By the induction hypothesis either $q_1 = p_i$ for some $i = 2, \ ... \ , s$ or

$q_1 | (p_1 - q_1)$. ... ... "I do not follow how

$n \gt (p_1 - q_1) p_2 \ ... \ p_s = p_1p_2 \ ... \ p_s - q_1p_2 \ ... \ p_s$

$= q_1q_2 \ ... \ q_t - q_1p_2 \ ... \ p_s = q_1 (q_2 \ ... \ q_t - p_2 \ ... \ p_s)$

leads to

either $q_1 = p_i$ for some $i = 2, \ ... \ , s$ or $q_1 | (p_1 - q_1)$. ... ...
Can someone slowly and clearly explain exactly how the above follows ...Hope someone can help ... ...

Peter

======================================================The above refers to what Bhattacharya et al call the Second Principle of Induction ... this principle reads as follows in their text ... ... :

 

[PeroK]

The basis of this proof is that, if the FTA does not hold, then there must be a least whole number that has a non-unique prime factorisation. He's assuming that

$n = p_1 \dots p_s = q_1 \dots q_t$

is that whole number. And that any whole number less than $n$ must, therefore, have a unique prime factorisation.

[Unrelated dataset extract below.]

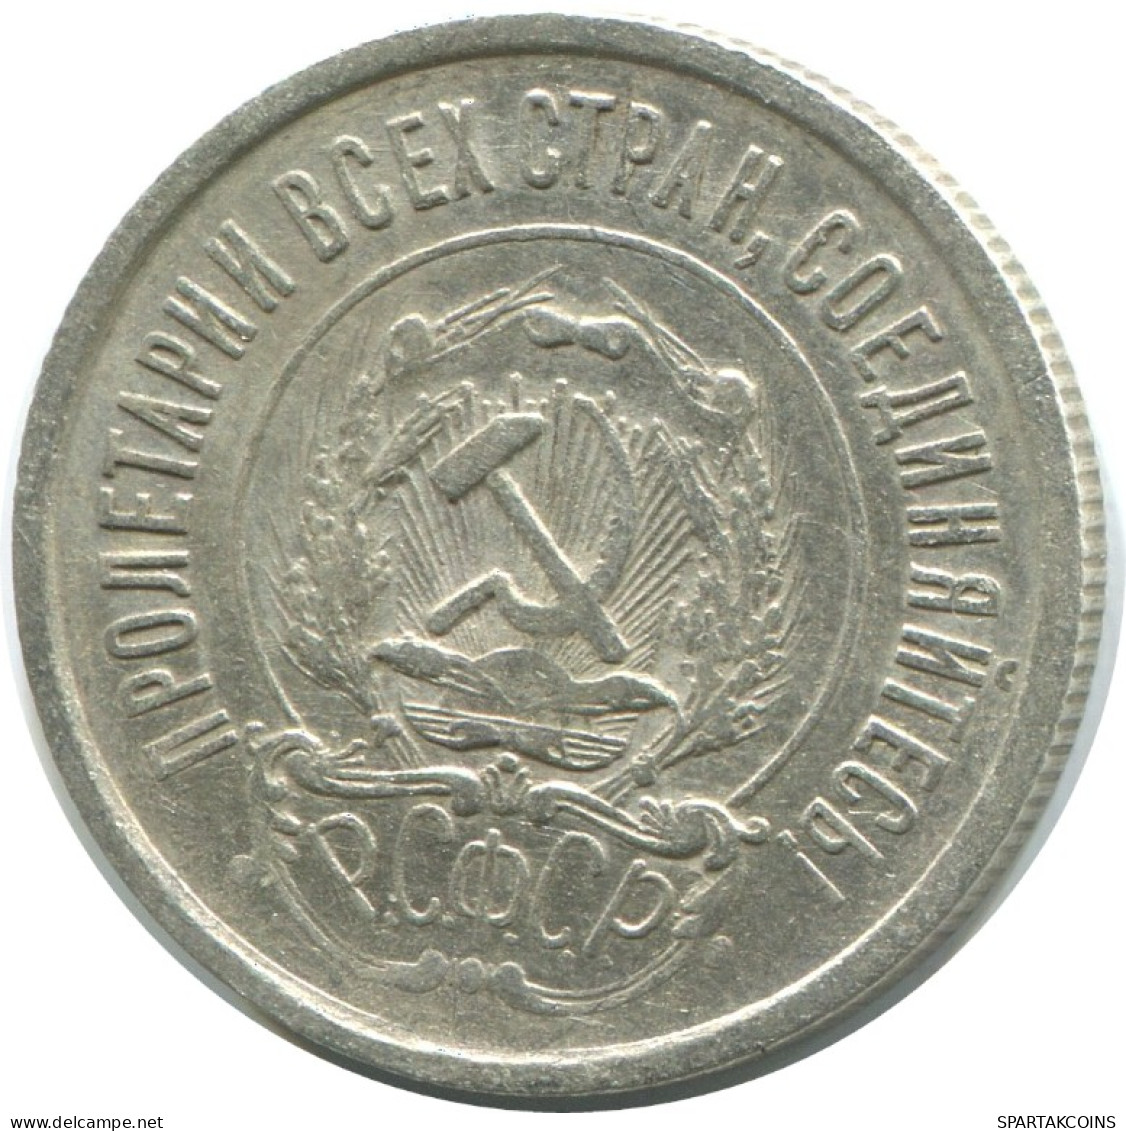 20 KOPEKS 1923 RUSSLAND RUSSIA RSFSR SILBER Münze HIGH GRADE #AF408.4.D.A - Russia

I would change the proof slightly. If the two prime factorisations are different, then we know that they have no primes in common (otherwise we could cancel the common prime). In particular, this means that (without loss of generality) $p_1 > q_1$ and $q_1$ is distinct from all the $p's$.

Now, a bit of algebra gives:

$n > m = (p_1 -q_1)p_2 \dots p_s = q_1(q_2 \dots q_t - p_2 \dots p_s)$

Now, this number $m$ is less than $n$ so must have a unique prime factorisation. In particular, $q_1$ must appear in the prime factorisation of $(p_1 -q_1)p_2 \dots p_s$.

And, as we know $q_1$ is distinct from the $p's$ (*) it must appear in the prime factorisation of $(p_1 -q_1)$ and so, in fact, $p_1 = q_1$, which is a contradiction. You might want to prove this last bit yourself.

(*) note also that $p_2 \dots p_s < n$ so has a unique prime factorisation and cannot have an alternative factorisation involving $q_1$.

 

[Math Amateur]

Thanks for the help PeroK ... much appreciated...

... just working through your post now ...

Thanks again,

Peter

 

[Math Amateur]

The basis of this proof is that, if the FTA does not hold, then there must be a least whole number that has a non-unique prime factorisation. He's assuming that

$n = p_1 \dots p_s = q_1 \dots q_t$

is that whole number. And that any whole number less than $n$ must, therefore, have a unique prime factorisation.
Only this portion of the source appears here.